Pour l’instant, je ne vois pas la réactivité nécessaire. Sur la pomme de terre par exemple, parce qu’il y a une décision de l’État d’interdire le CIPC (antigerminatif, ndlr), on sait pertinemment qu’il va falloir faire un plan de mise à niveau. Pour la partie amont de la filière, il s’élève à plus de 340 millions d’euros. Et l’État aujourd’hui n’a rien annoncé, rien prévu. Je présume que le ministère de l’Agriculture est surveillé de près à la fois par le ministère de l’Écologie et celui des Finances, mais ce n’est pas sérieux. Il faut faire un choix très clair. Si on décide que l’agriculture est prioritaire, il faut que le ministère ait les moyens pour répondre aux crises, les anticiper et faire tout ce travail.

Sur les ZNT (zones de non traitement, ndlr.), quels sont les moyens de transitions, de substitution? Où est la compensation? Le gouvernement fait des annonces dans un effet de communication, mais derrière il laisse nos paysans désemparés sans solutions. Il faut arrêter cette politique de communication en permanence.

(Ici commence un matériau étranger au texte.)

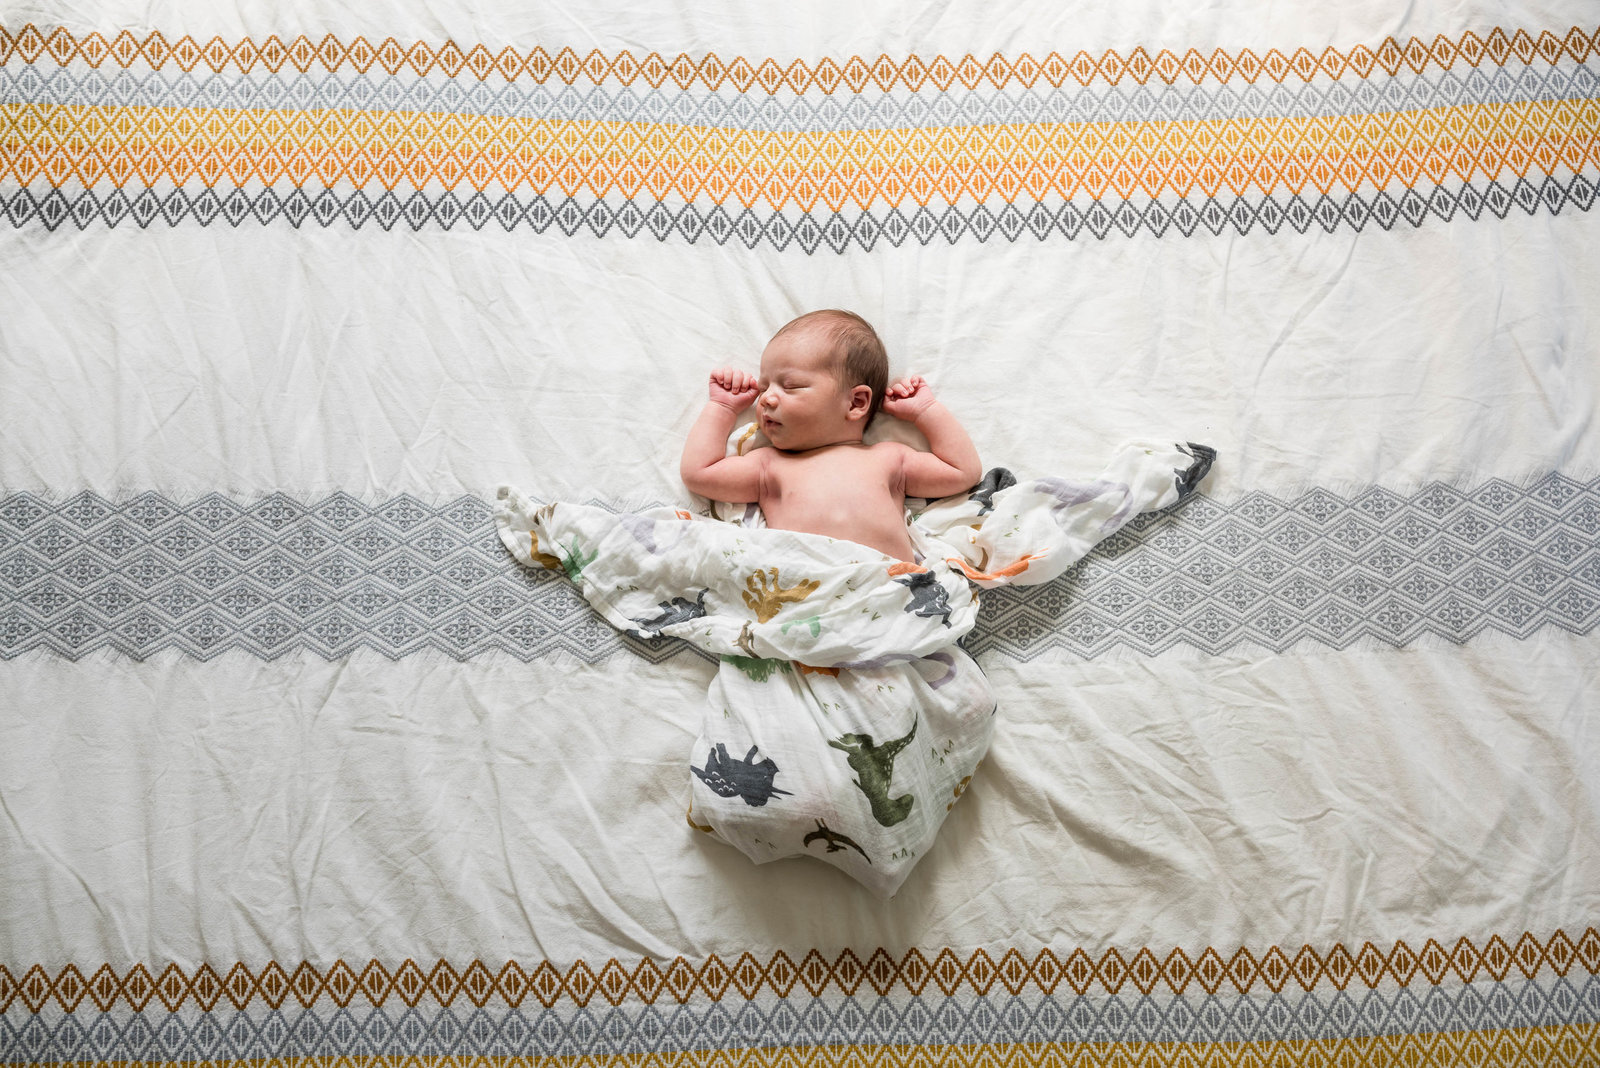 Boston-Newborn-Photographer-Lifestyle-Documentary-Home-Styled-Session-385

Vous avez annoncé un plan pour l’agroécologie. Pouvez-vous en préciser les contours ?

Là aussi, ne serait-ce pas à l’État de mettre en place un plan comme celui-là ? Si on décidait qui fait quoi, ou si on décidait ensemble, ce serait plus efficace pour aider nos paysans.

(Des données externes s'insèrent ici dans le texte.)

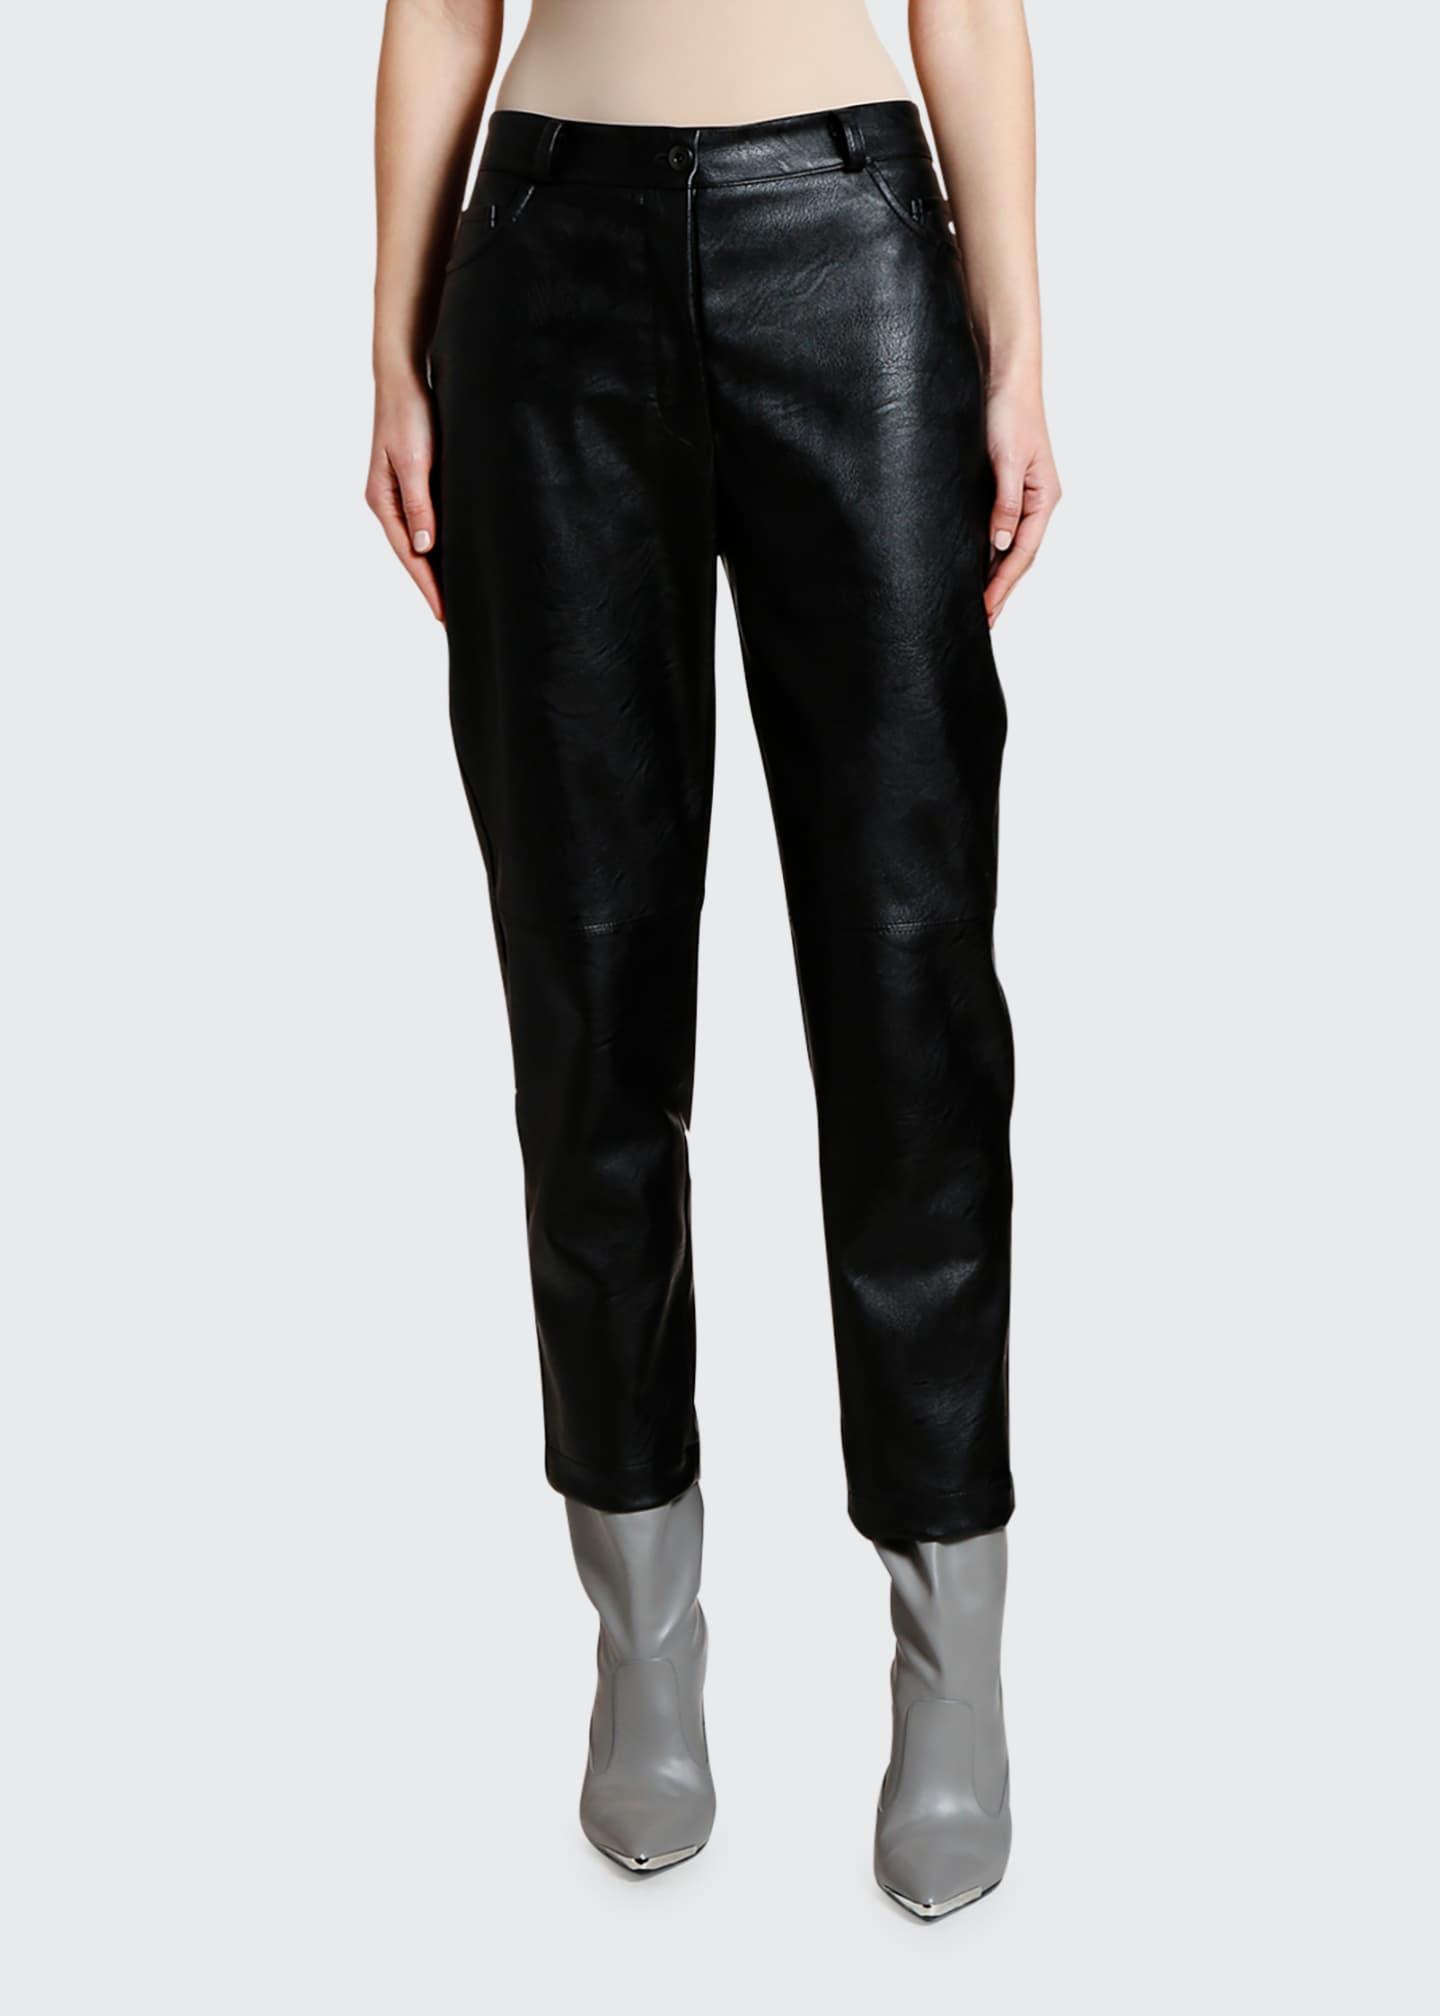 stella mccartney faux leather pants

Pour notre plan agroécologie, on ne travaille pas tout seul ; nous souhaitons une mobilisation collective avec l’État, la Région, la chambre d’agriculture, les structures d’accompagnement des agriculteurs, comme les centres de gestion notamment, et les agriculteurs eux-mêmes. Nous devons accompagner la transformation massive des pratiques et des modes de production sur le terrain. J’ai conscience que la Région devra dégager des moyens budgétaires pour aider les agriculteurs sur la biodiversité, pour piloter la transition agroécologique, pour valoriser l’engagement agroécologique, et pour donner aux agriculteurs les moyens de prendre ce virage.

Un guichet unique du conseil en agroécologie sera mis en place, ainsi que des diagnostics “agroécologie” systématiques pour les exploitations, et un plan de formation global en agroécologie des conseillers agricoles de la région. Nous allons également mettre en place des outils d’aide à la décision et accompagner la régionalisation de la démarche lait bas carbone (mise en place par le Criel) afin que les éleveurs soient rémunérés via le système de rachat de crédit carbone. Les commandes publiques devront prendre en compte les productions agroécologiques.

Aujourd’hui, ce sont près de 3,7 millions d’euros de crédits régionaux qui sont consacrés chaque année à l’agroécologie. Et depuis le début de la programmation Feader, 77 millions d’euros, tout financeurs confondus, ont été alloués, dont 8 millions de crédits régionaux. J’ai conscience qu’il faudra faire davantage !

Si vous accédez à la présidence de la République en 2022, quelles seront vos priorités au niveau agricole ?

Je suis président de Région et je me place aujourd’hui dans cette seule perspective. Je veux apporter des solutions concrètes aux problèmes de nos concitoyens, de nos paysans. Ils savent exactement ce que je fais depuis des années, et je continuerai inlassablement à les défendre.